Video-Link: https://youtu.be/bxJ3q65fkaQ
Centrale aspecten en achtergrond
MG is veel dank verschuldigd aan Carl Rogers’ cliëntgerichte psychotherapie die het positieve menselijke potentieel benadrukt (Miller, 2004). Als ze het juiste empathische begrip, positieve waardering en radicale acceptatie krijgen, ontwikkelen mensen op natuurlijke wijze een gezonde, zelfvervullende houding (Hettema et al., 2005). Het is duidelijk dat de inzichten en methoden van Carl Rogers de fundamentele praktijk van MG zijn. Maar Miller stelt ook dat MG een stap verder gaat omdat de counseling gericht is op verandering (Miller & Rollnick, 2009). Bij een MG-sessie spreekt de cliënt meestal en de therapeut luistert. Deze asymmetrische communicatie is vooral opvallend in het kader van de motivatie van de cliënt om te veranderen (Miller & Rollnick, 2009).
De zelfperceptie-theorie stelt dat wanneer mensen een bepaalde houding verdedigen die niet overeenkomt met wat ze eigenlijk geloven, ze de neiging hebben om deze nieuwe houding sterker te verdedigen (Miller, 2004).
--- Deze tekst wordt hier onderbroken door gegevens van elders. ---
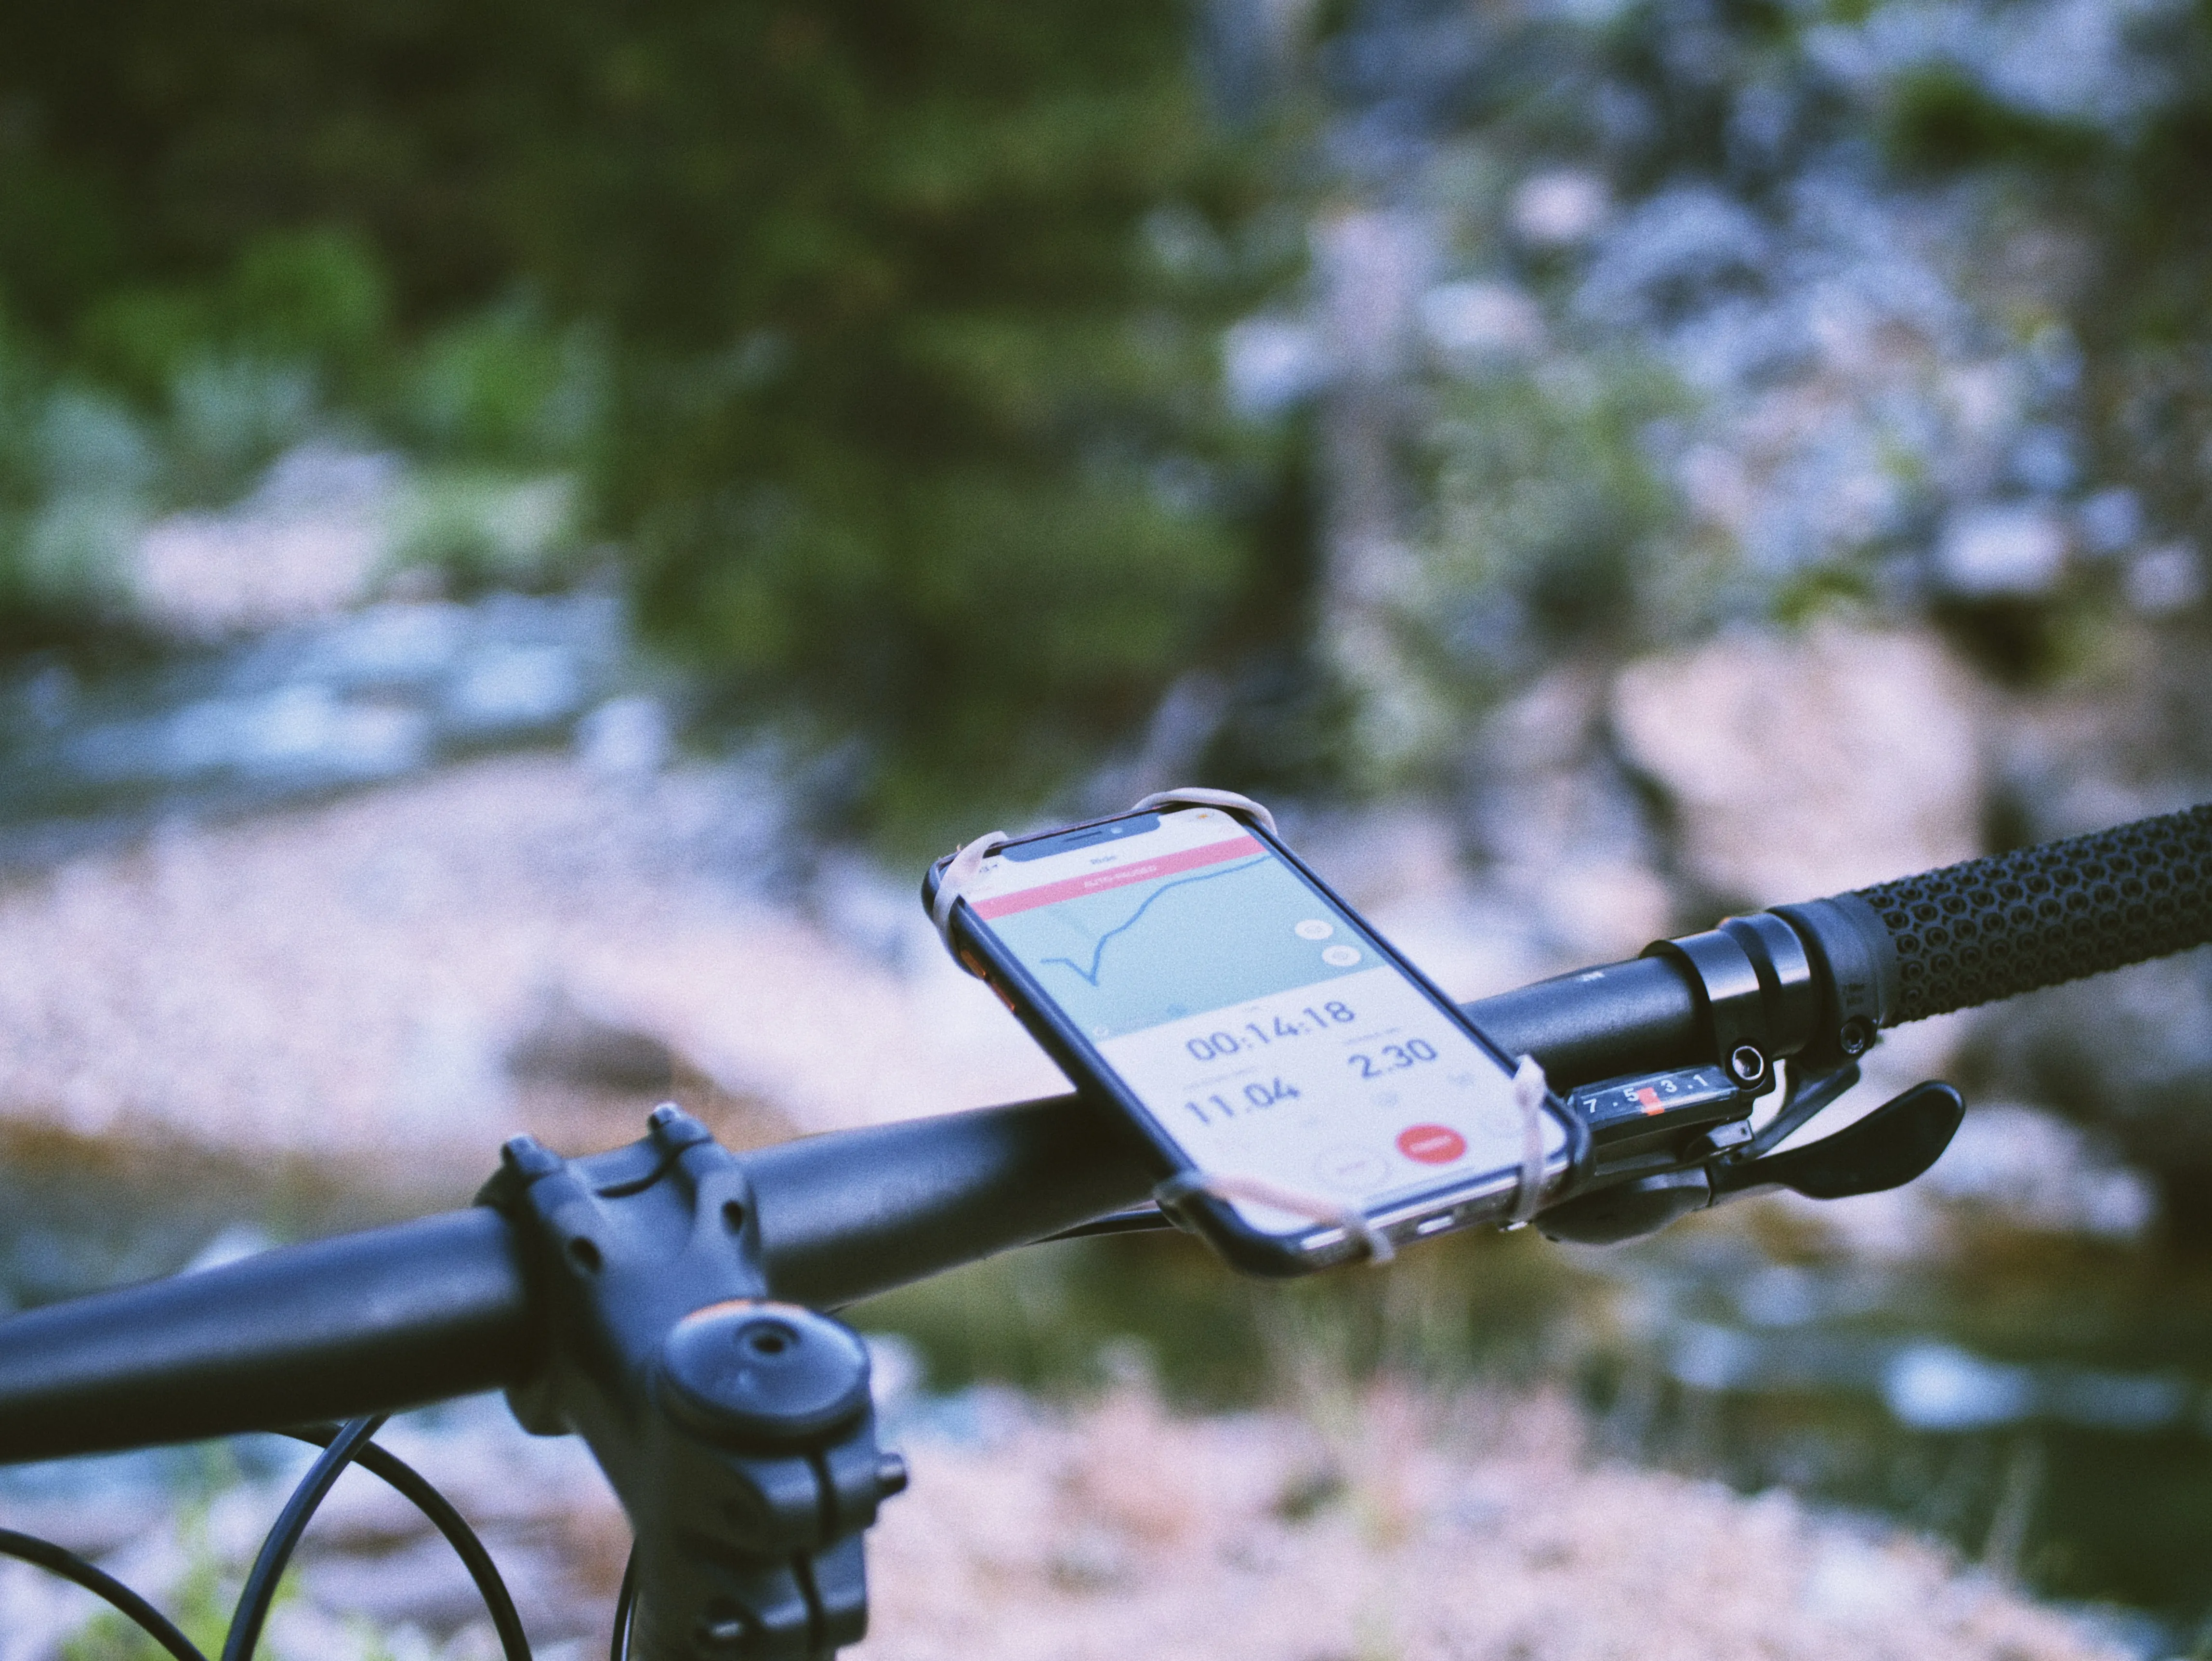 Biker riding with Strava active on phone attached to steering wheel

Met andere woorden: de steun voor hun eerdere overtuigingen is verzwakt of zelfs weg. Wat betreft MG: wanneer de cliënt uit vrije wil over verandering spreekt, heeft dat als gevolg dat de cliënt positiever is over de verandering en beter in staat is om stappen te zetten in de richting van verbetering (Miller, 2004).
De AARD van de methode is echter blijvender en kan worden samengevat in een aantal belangrijke punten:
- Motivatie tot verandering komt vanuit de cliënt en wordt niet opgelegd door externe krachten.
- Het is de taak van de cliënt en niet van de coach, om twijfel bij de cliënt te benadrukken en op te lossen.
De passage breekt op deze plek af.